Quantcast

Pomonok fire kills mother of 2

Pomonok fire kills mother of 2
By Anna Gustafson

A Kew Gardens Hills mother of two who had filed a $20 million sexual harassment suit against a construction company where she worked died Sunday after a fire ripped through her apartment, police and neighbors said.

Bianca Kuros, 44, died in the blaze at her fifth-floor apartment in the Pomonok Houses near the intersection of 71st Avenue and Parsons Boulevard, according to police. The fire, which began a little after 3 a.m. Sunday, also sent Kuros’ 16-year-old daughter, Olivia, to Jacobi Medical Center in the Bronx and two Polish immigrants, Adam Balik, 52, and Jinosv Guczkowsyki, 50, to Flushing Hospital in critical condition, police and neighbors said.

“Bianca, I can’t believe it,” said her neighbor and friend Eileen Ramos. “She didn’t deserve that. She had two daughters, and she took care of her deaf-mute parents in Brooklyn.”

Kuros, a Polish immigrant who had lived in the Pomonok Houses for about a decade, was slated to appear in federal court in Manhattan Monday for a hearing on the $20 million lawsuit she filed this summer against JPMorgan Chase and her employer, Total Safety Consulting, according to court documents.

Kuros, who used her maiden name of Wisniewski to file the lawsuit in State Supreme Court in Manhattan, alleged that she was subjected to harassment while working as a construction safety coordinator at JPMorgan’s construction site on Park Avenue in 2007.

When Kuros complained men had made lewd comments to her and groped her, she was replaced by a man, she alleged in the suit.

Kuros’ lawyer, Manhattan-based Steven Wittels said the lawsuit would continue despite her death.

“It’s a terrible tragedy,” Wittels said. “She was really a good worker and thought of very highly. She worked very hard to get into her position.”

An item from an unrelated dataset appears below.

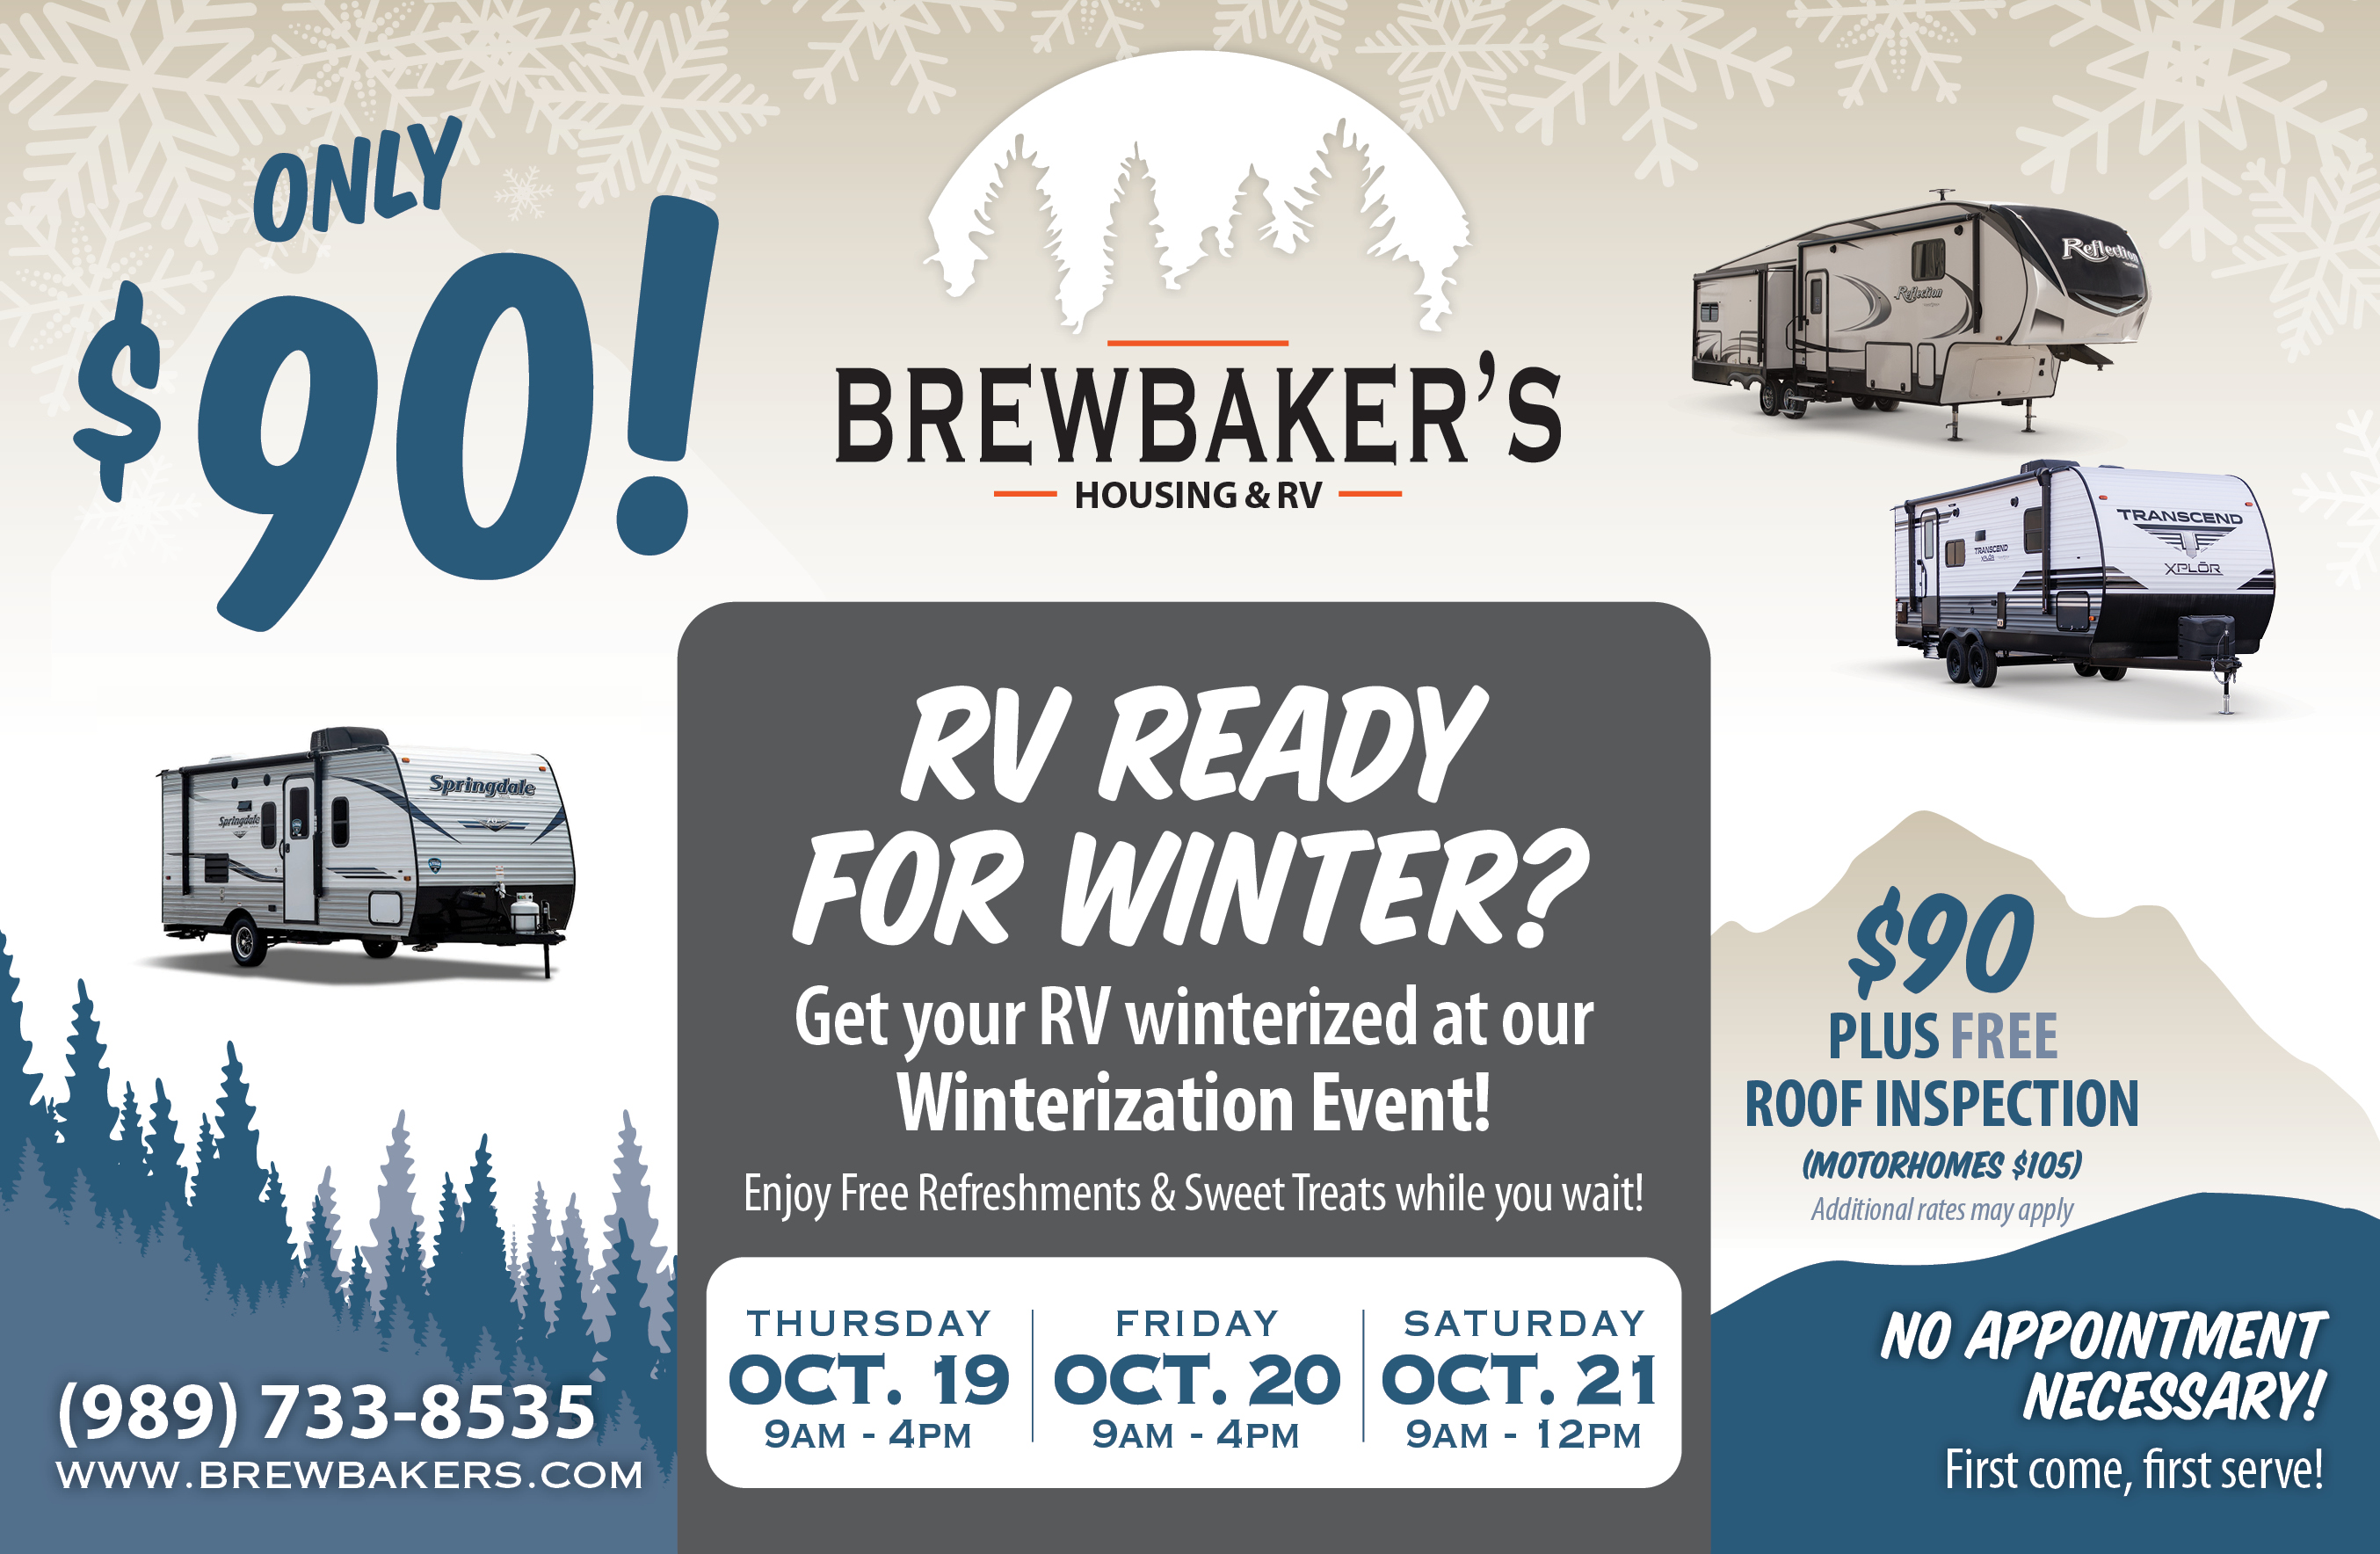 Get your RV winterized at our Winterization Event: Thursday Oct 19. 9am - 4pm; Friday Oct 20 9am - 4pm; Saturday Oct 21 9am-12pm; Only $90 Plus Free Roof Inspection. (Motorhomes $105) Additional rates may apply. No Appointment Necessary! First come, first serve! Enjoy refreshments and sweet treats while you wait.

More than 100 firefighters battled the fire, which originated in Kuros’ living room, fire officials said. Chief Fire Marshal Robert Byrnes said to reporters Monday that the fire was an accident. He added damaged electrical wires had been found where the fire originated.

Ramos, who lived one floor beneath Kuros, said she woke up at 3 a.m. and “saw all the lights from the fire trucks.

“I said, ‘Oh, my God,’” Ramos said. “I heard all the smashing of the windows. I went into the hallway and saw the firemen with the hoses, and they told me to get back into my apartment.”

Kuros lived in the apartment with her two daughters, Olivia and Nicole, 18, who was not home at the time of the fire.

“It was a really, really nice relationship she had with her daughters,” Ramos said.

Kuros was a widow whose husband had died five years ago, Ramos said. Along with her two children, she helped to take care of her deaf parents in Brooklyn and knew sign language.

Ramos did not say whether or not she thought the fire was suspicious, but did say Kuros had been receiving threatening phone calls about the lawsuit.